** Opening DATA SEGMENT block **

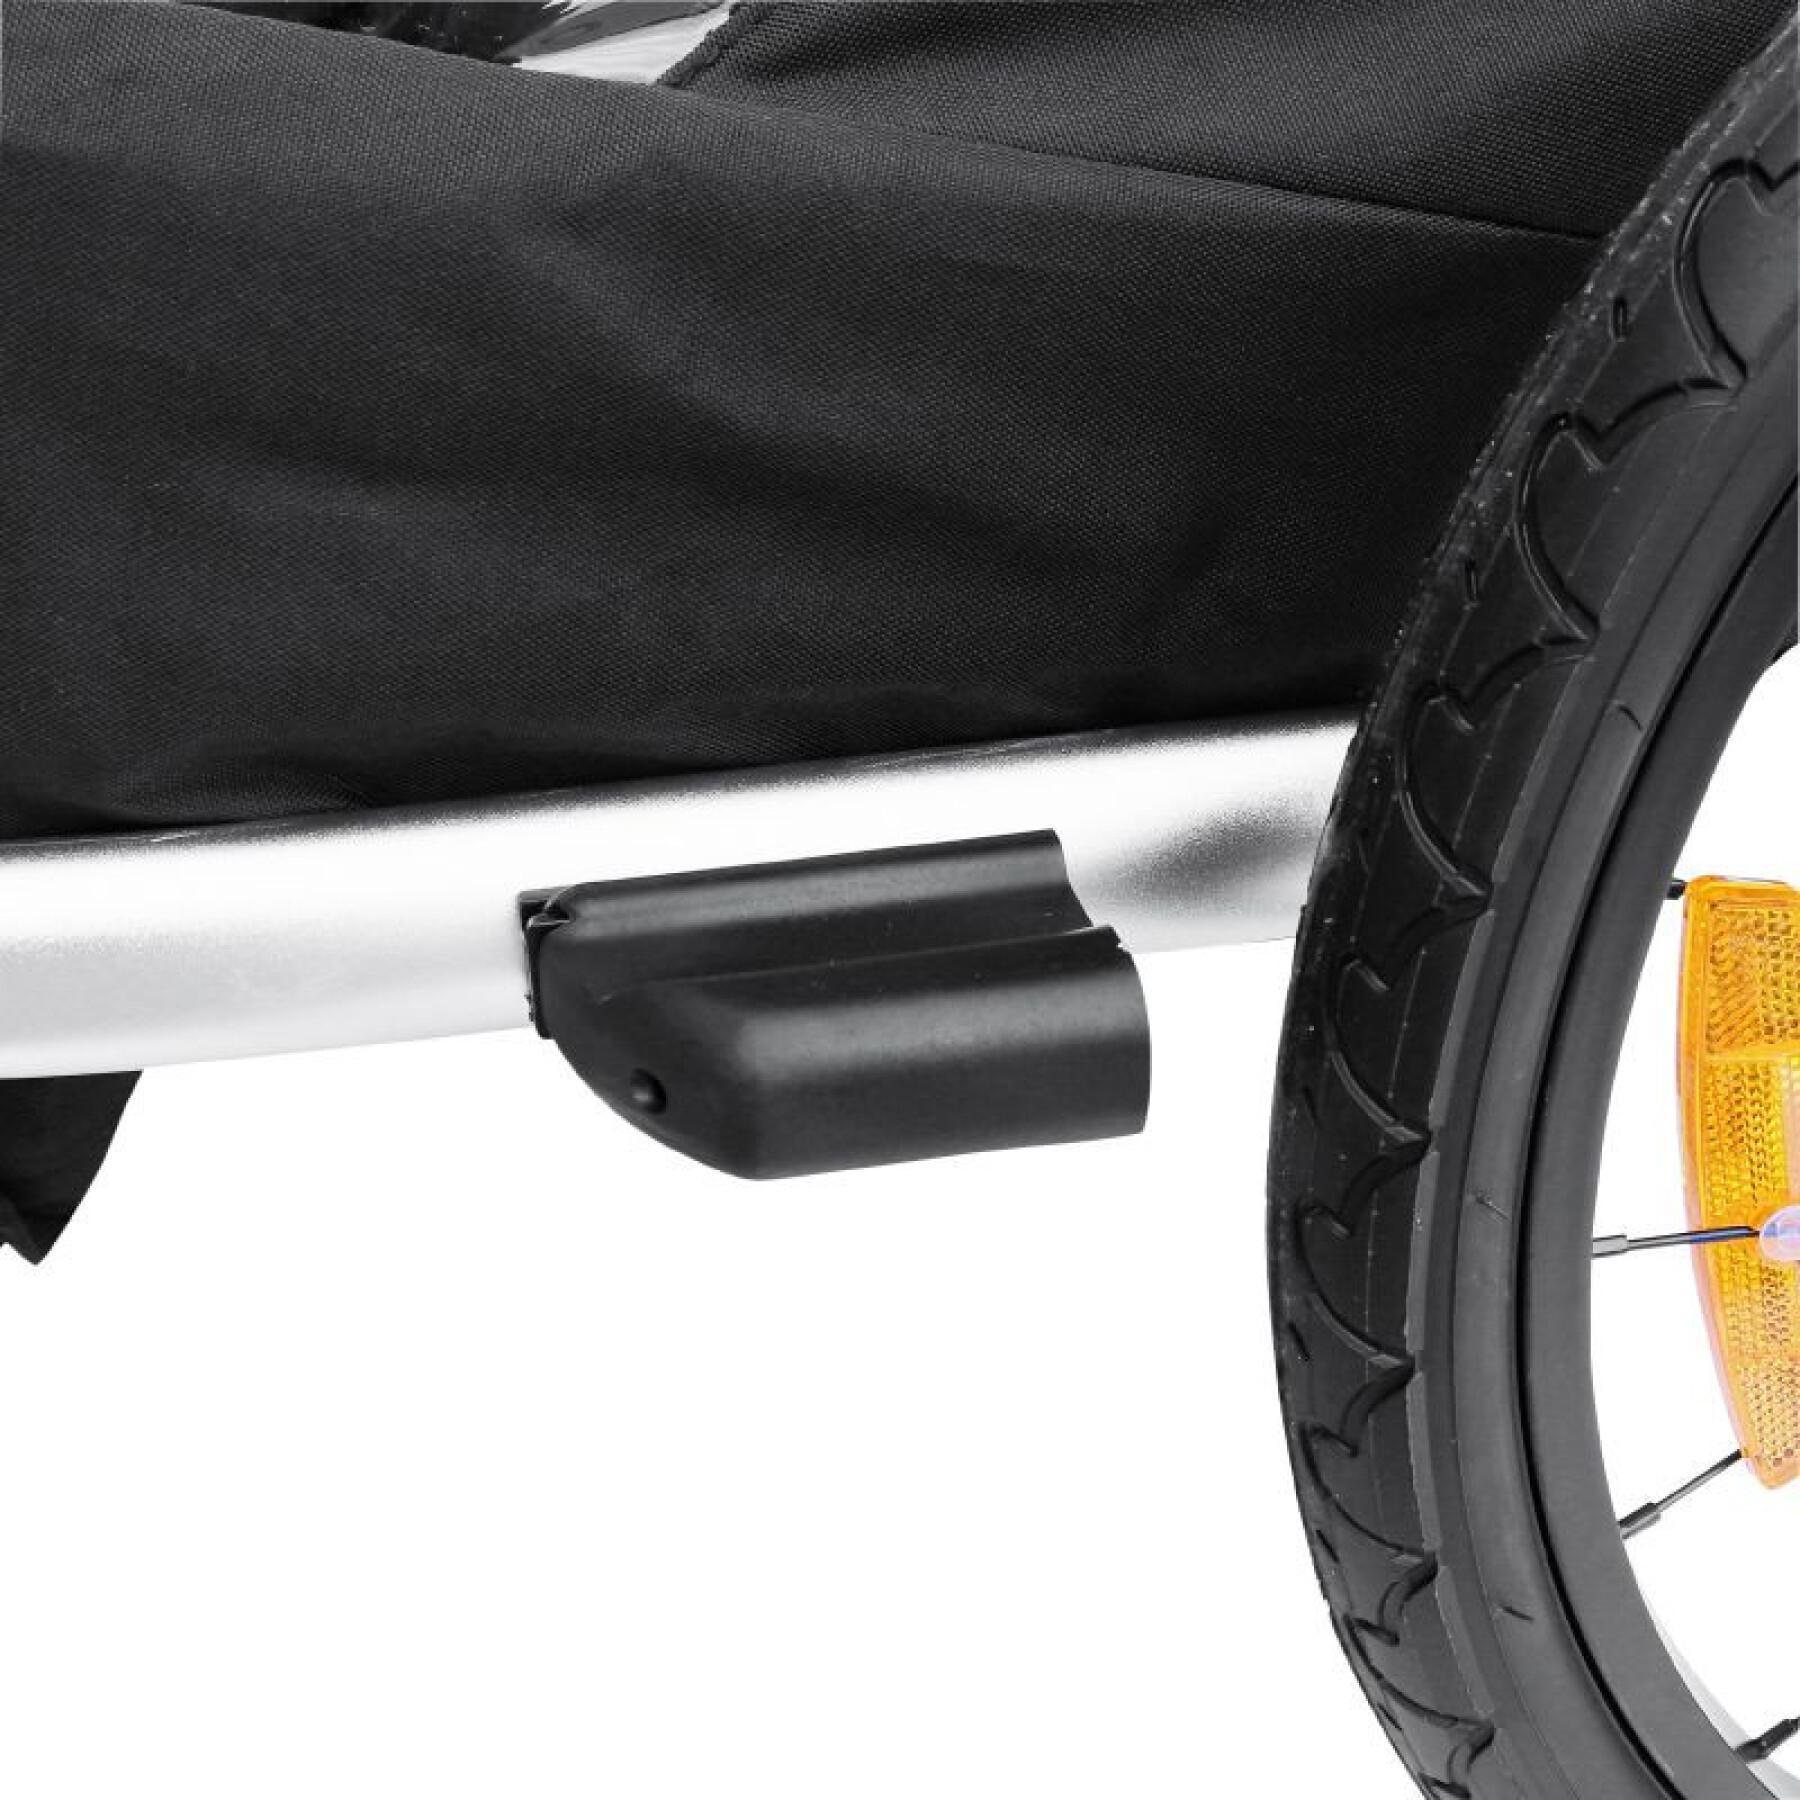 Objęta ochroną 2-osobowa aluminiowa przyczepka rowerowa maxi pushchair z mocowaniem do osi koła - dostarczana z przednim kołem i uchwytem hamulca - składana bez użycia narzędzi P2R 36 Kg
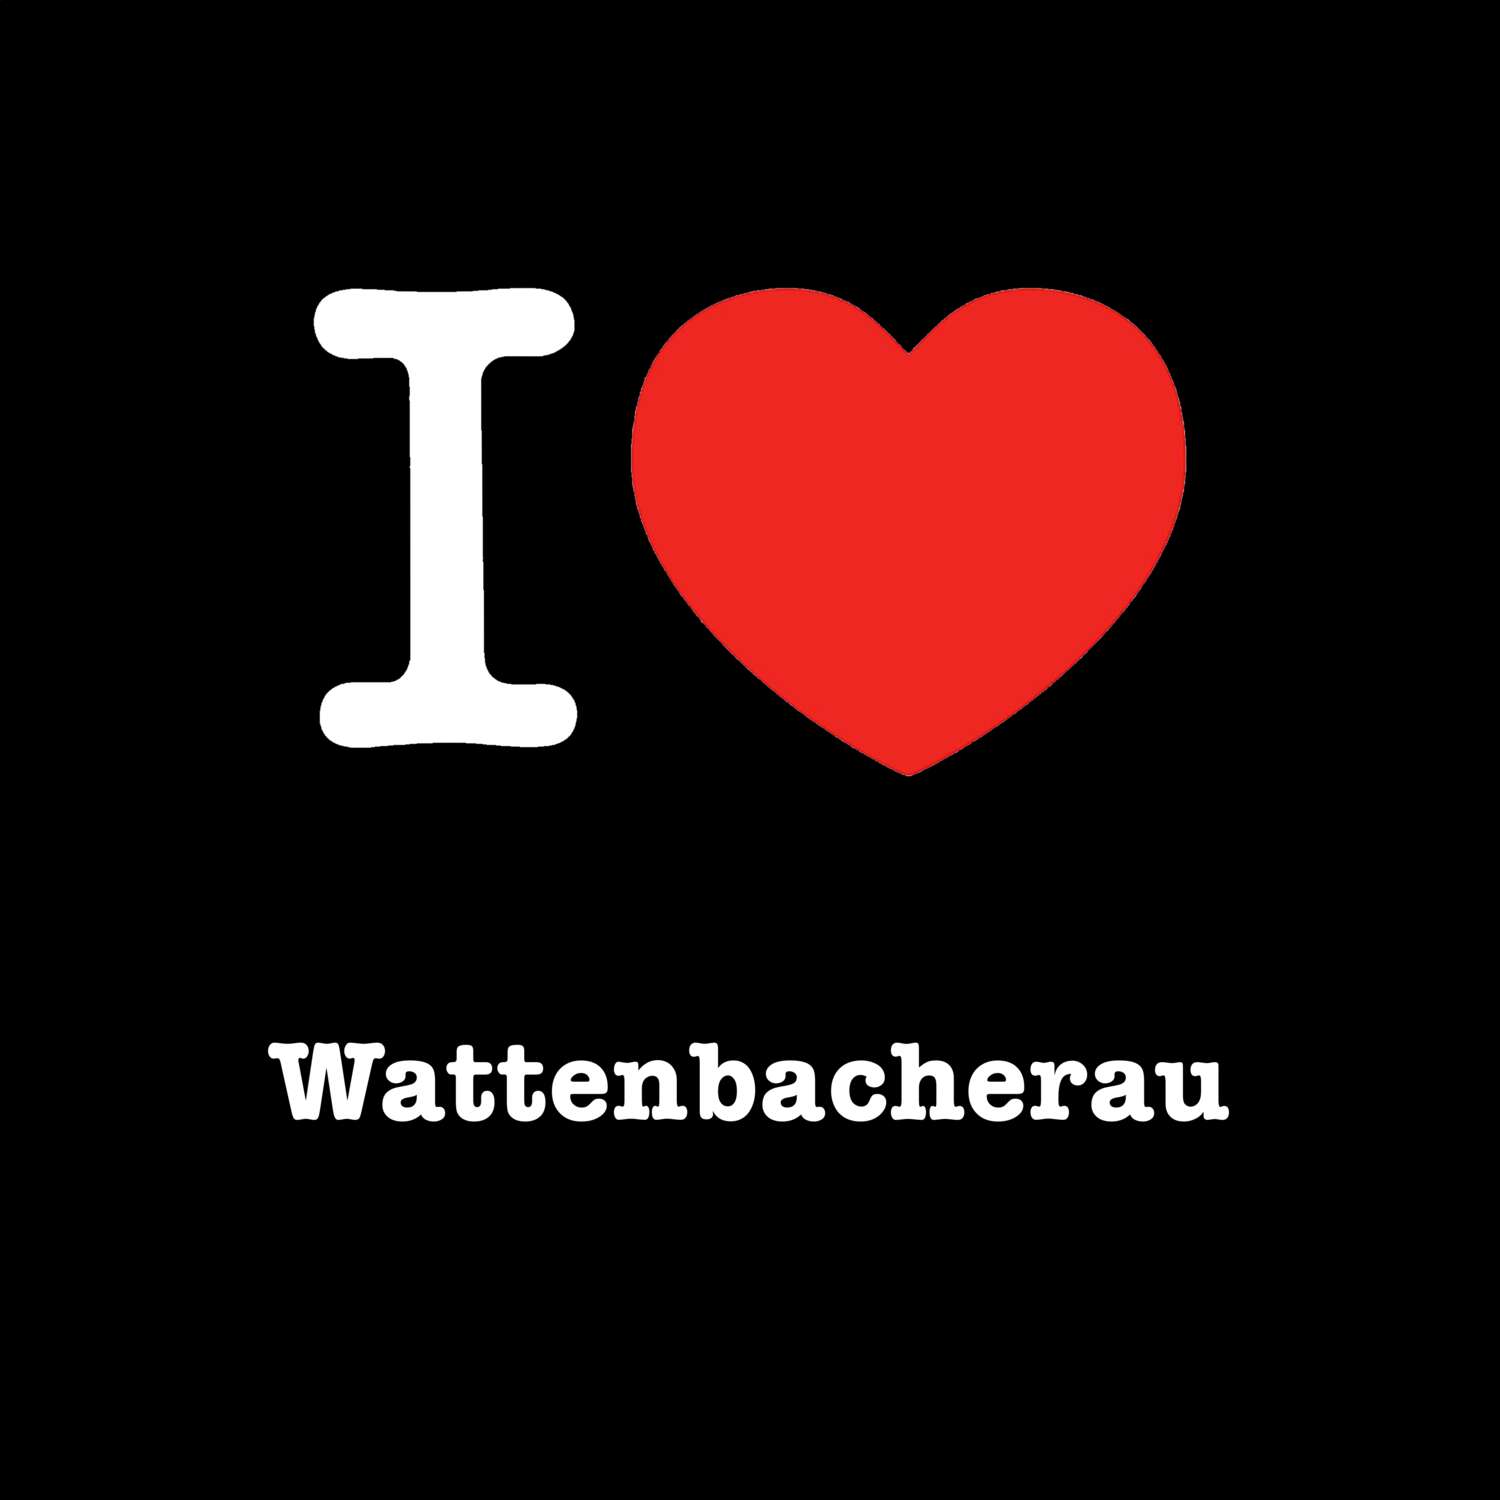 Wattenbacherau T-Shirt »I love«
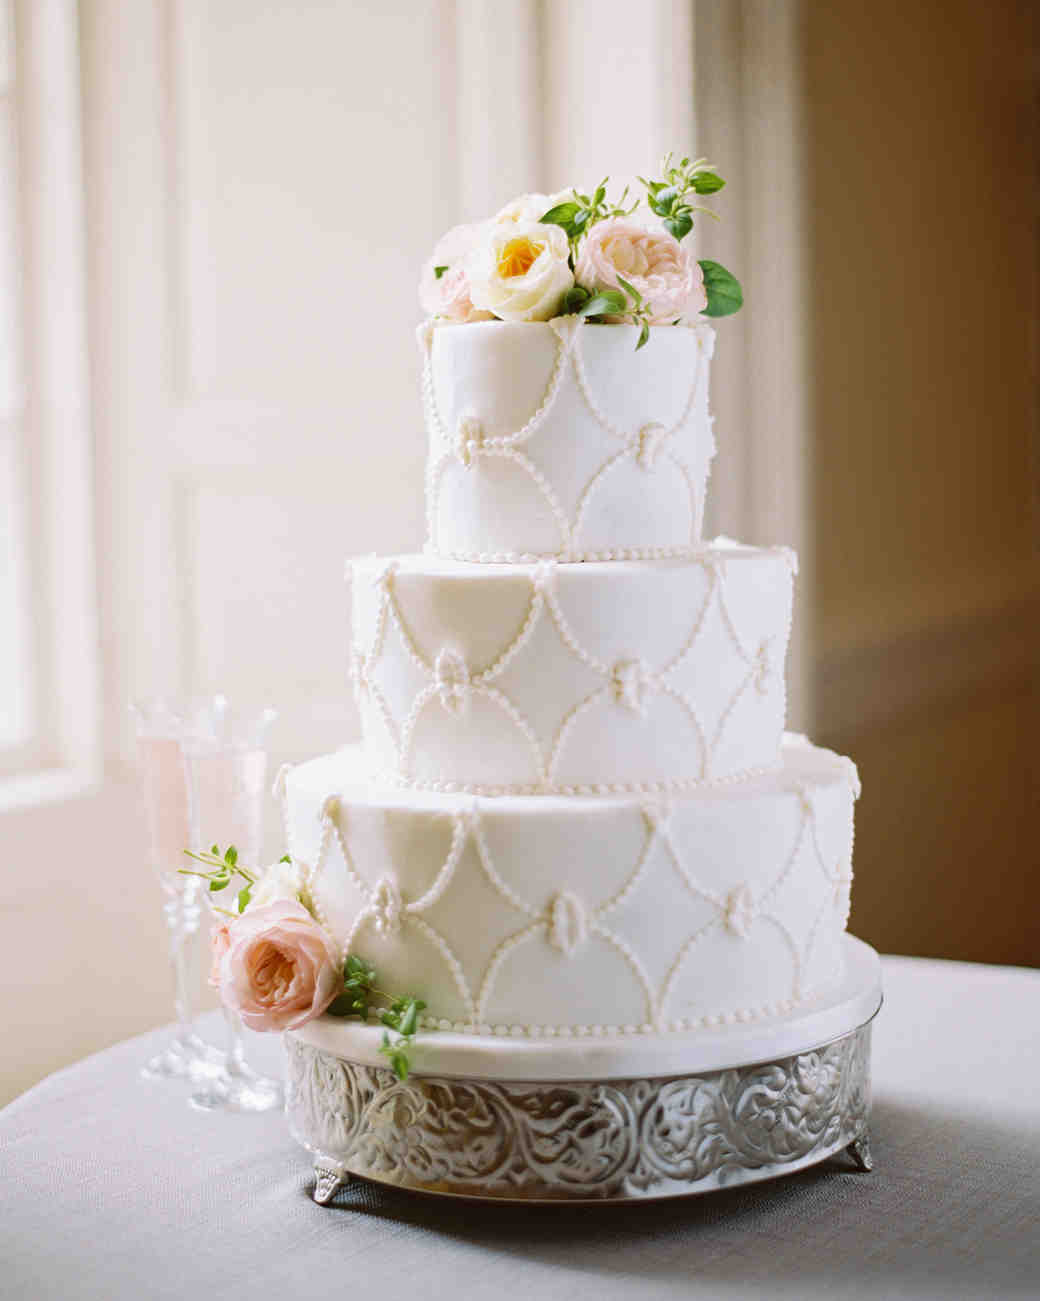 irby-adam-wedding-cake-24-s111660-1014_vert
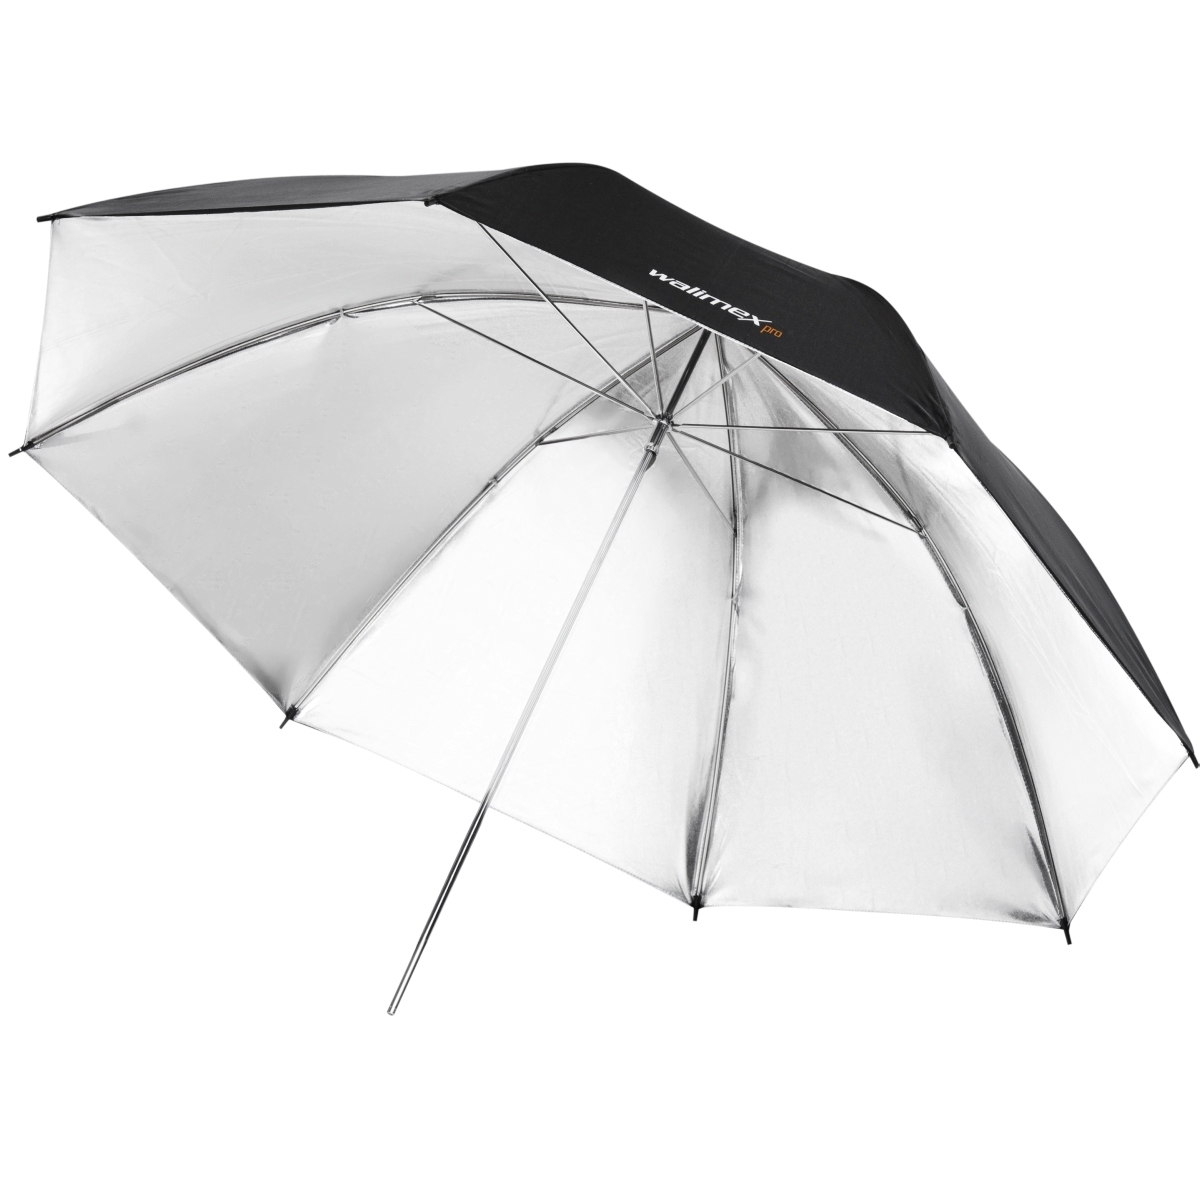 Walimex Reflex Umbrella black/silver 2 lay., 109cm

** Closing DATA SEGMENT block **

TASK DIRECTIONS - Retype the listing above exactly. Pictures are not part of the copy.

ANSWER TO THIS EXERCISE -
 Objęta ochroną 2-osobowa aluminiowa przyczepka rowerowa maxi pushchair z mocowaniem do osi koła - dostarczana z przednim kołem i uchwytem hamulca - składana bez użycia narzędzi P2R 36 Kg
 Wattenbacherau T-Shirt »I love«
 irby-adam-wedding-cake-24-s111660-1014_vert
 Walimex Reflex Umbrella black/silver 2 lay., 109cm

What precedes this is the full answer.